For the period of 10/1/10 – 9/30/11, a $38,000 budget was established for Council operating
expenses. The budget covered: quarterly and special meeting costs; annual planning summit;
member expenses to attend and participate in meetings and training; accommodations; training;
printing costs; fiscal agent budget administration; and miscellaneous funds needed to support
Council activities as appropriate. Council activities stayed within the allocated amounts.

                         COMMITTEE ACTIVITIES
Consumers Report Satisfaction with DVRS Services
The SRC Evaluation and Consumer Satisfaction Committee has implemented improvements to
the consumer satisfaction input and looks forward to the next fiscal year when it will be possible
to obtain a more detailed analysis of survey results. During FY 10 the SRC mailed surveys to a
sample of individuals exiting service in status 26 and 28 and compiled survey results in an
Access database.

A consultant with Monmouth University Polling Institute was engaged to analyze survey data for
the period of 2007-2009. The Executive Summary is a follows:
     Three-in-four (76%) respondents are satisfied with the DVRS services they received,
        including 38% who are “very satisfied.” Respondents express similar satisfaction levels
        with the information they gained from the counselor about DVRS services, their level of
        involvement in the Individualized Plan of Employment (IPE), and the outside service
        providers they were referred to.
     Satisfaction levels vary with employment status.
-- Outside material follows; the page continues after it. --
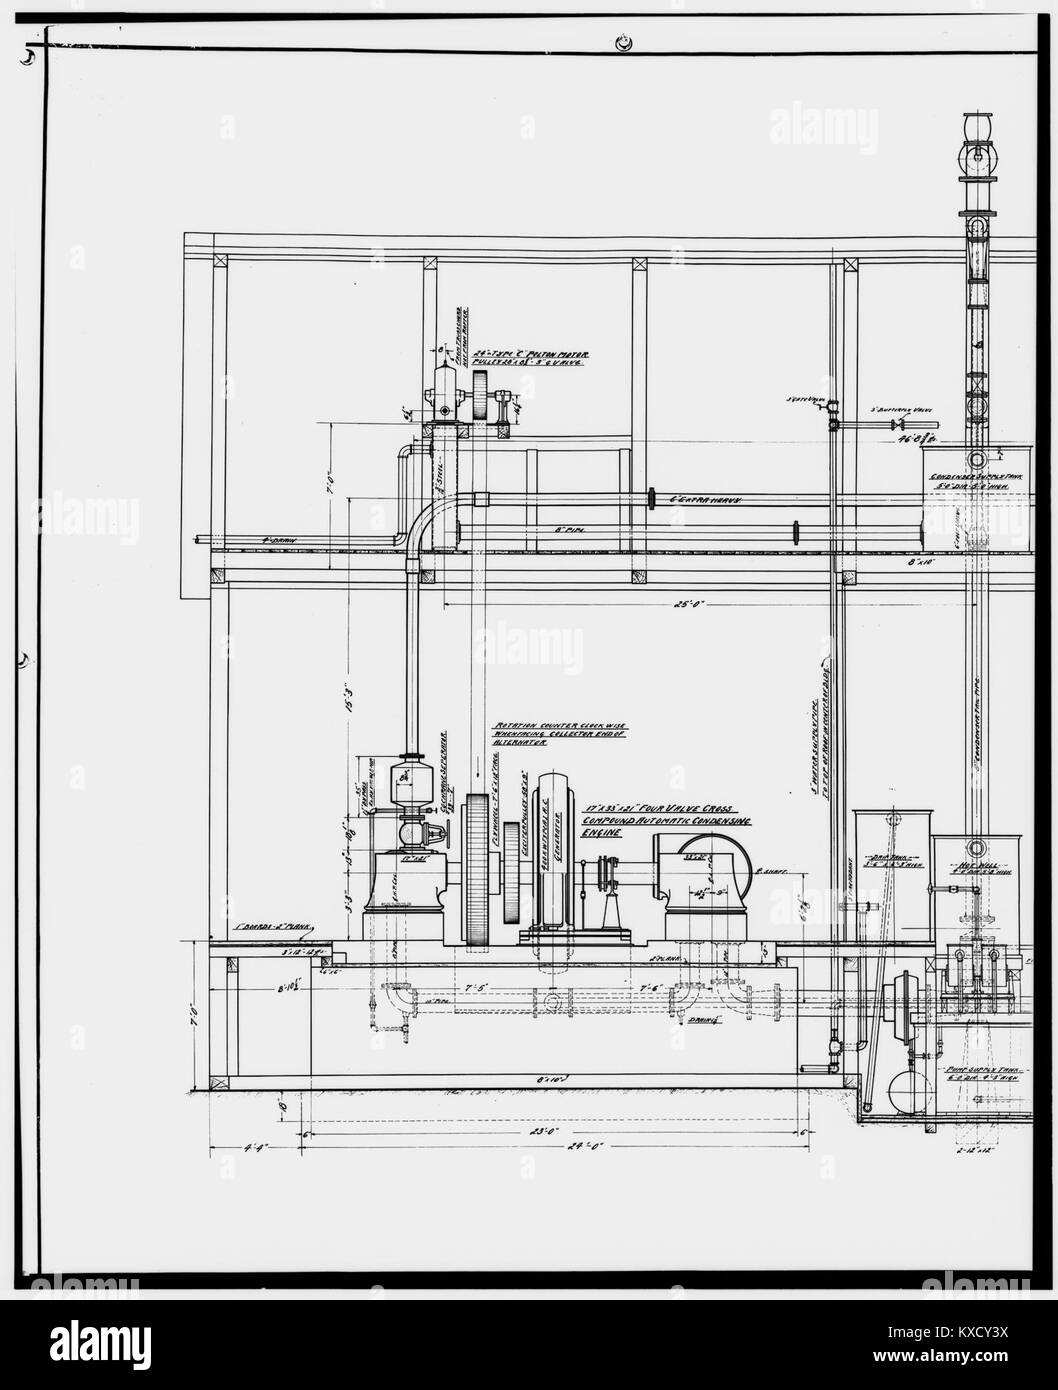 33. Kopie der Zeichnung von Kraftwerk, Abschnitt, OCT. 13, 1911 - Kennecott Copper Corporation, am Copper River^ Nord-LOC-hhh. ak 0003. Fotos. 001006 p Stockfoto

About 9-in-10 (88%) respondents who
        have the same job they had before becoming a DVRS client are satisfied with the services
        they received, as are 8-in-10 (83%) respondents who found a job as a DVRS client. This
        compares to about 6-in-10 (57%) unemployed clients who are satisfied with DVRS.

New Jersey State Rehabilitation Council                              2011 Annual Report

      Two-in-three (66%) respondents are currently employed, with nearly half this number
       being employed full-time. Most employed respondents are satisfied with various aspects
       of their jobs, including their co-workers (93%), physical work environment (91%),
       supervisors (90%), job duties (88%), hours of work (77%), and wages (73%). About half
       (47%) of all employed respondents, though, would like to work more hours.
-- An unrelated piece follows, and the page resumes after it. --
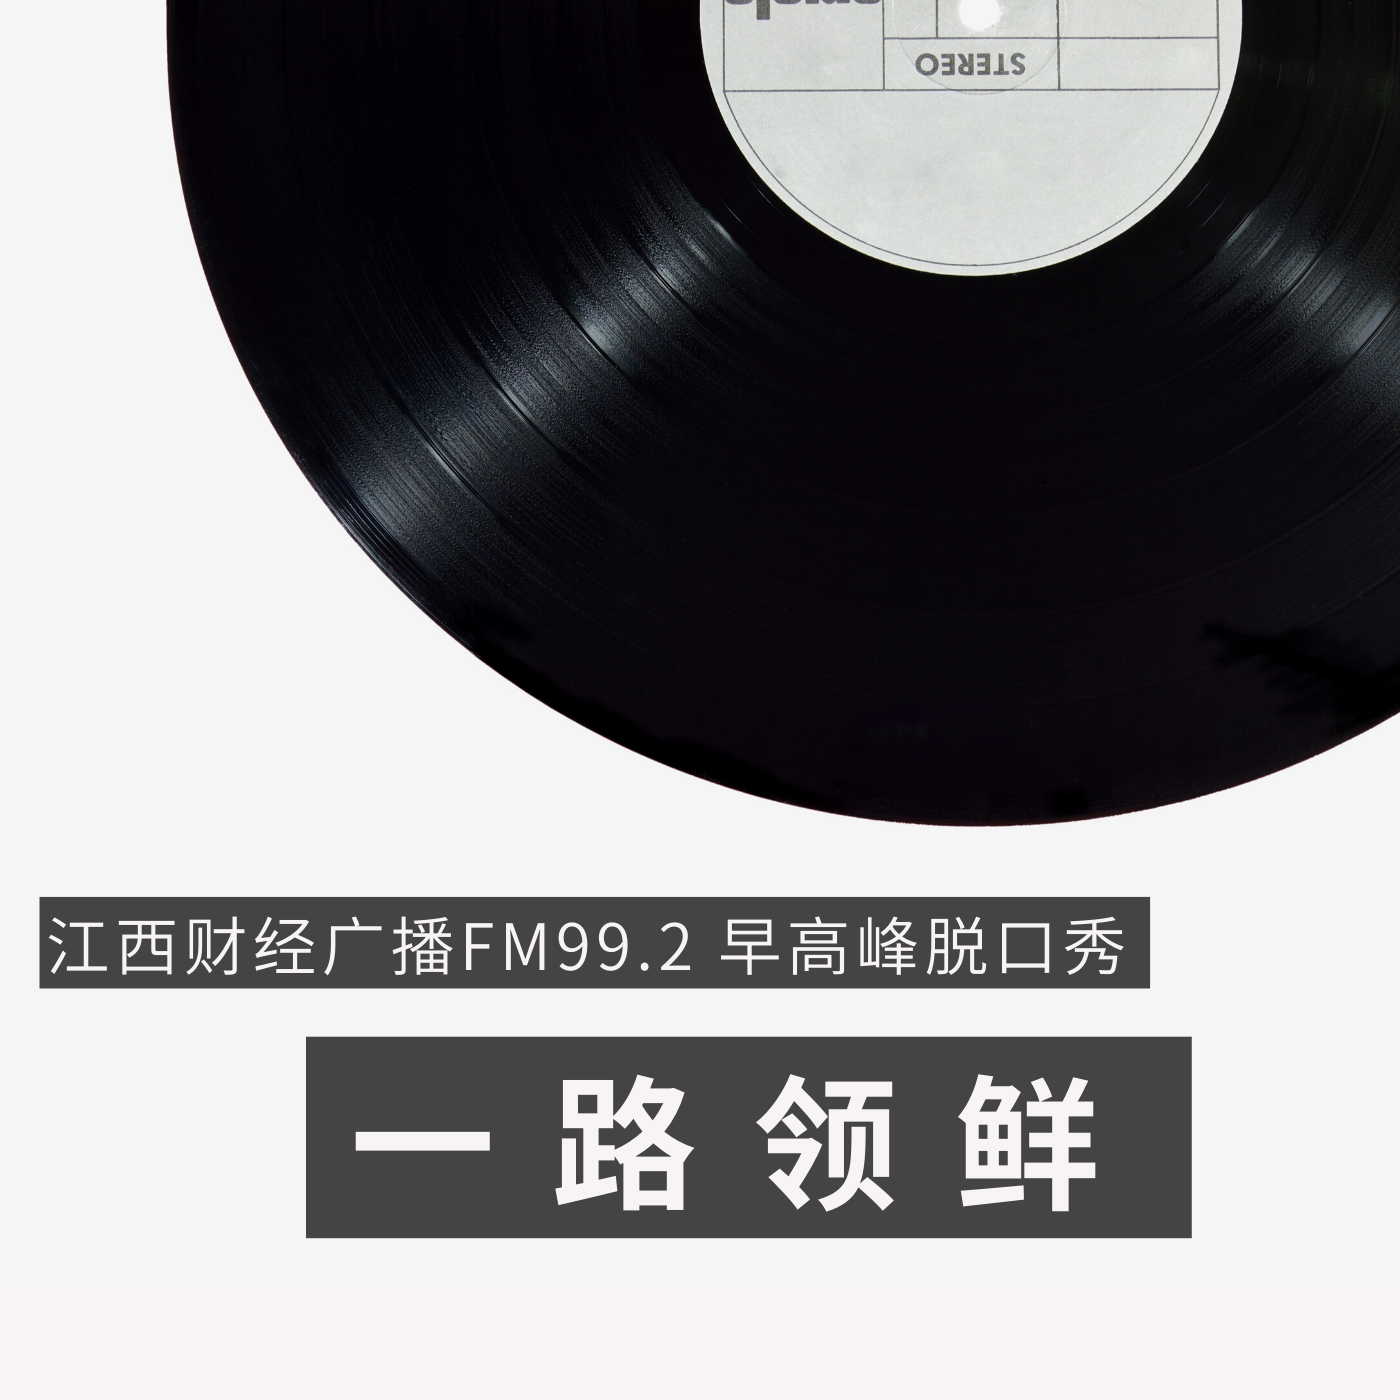 江西财经广播FM99.2早高峰脱口秀

Keeping with the three year cycle, the next Consumer Satisfaction Exit Survey Report will be
due in 2013, with data collected from 2010 – 2012. The committee made the following
     Surveys should be sent out every three months;
     A summary of the report should be provided to all DVRS counselors;
     Managers and Supervisors should receive a copy of the full report;
     Dedicated time needs to be identified for all staff to review and discuss the results of the
      report; and
     Identify trends that could possibly impact and affect client services.

The committee also recommended areas of possible improvement:
   1. Identifying new SRC members with data interpretation experience if possible;
   2. Use of electronic surveys;
   3. Utilizing data entry clerk on a temporary basis;
   4. Demographic analysis by regions (i.e. southern, central, northern); and
   5. User-friendly format for the committee report itself.

SRC Policy Committee
The SRC policy committee is responsible for oversight in the following areas:
    State Plan Review
    State Plan Public Hearings
    Other Policy Changes
    Administrative Code Review
    Comprehensive Needs Assessment

State Plan Public Hearings
The SRC Policy Committee coordinated and hosted four 2011 State Plan Public Hearings which
were attended by a diverse representation of 86 participants. Hearings were held in Mullica Hill,
Pennington, North Brunswick and Belvidere which represented all parts of New Jersey.
Feedback was received on DVRS as well as DVRS service providers. Input received at these
hearings was included in attachments to the State Plan. Those who provided testimony expressed
significant concerns regarding potential fiscal impact on services to traditional constituents of
DVR as well as expanded services in the area of transition.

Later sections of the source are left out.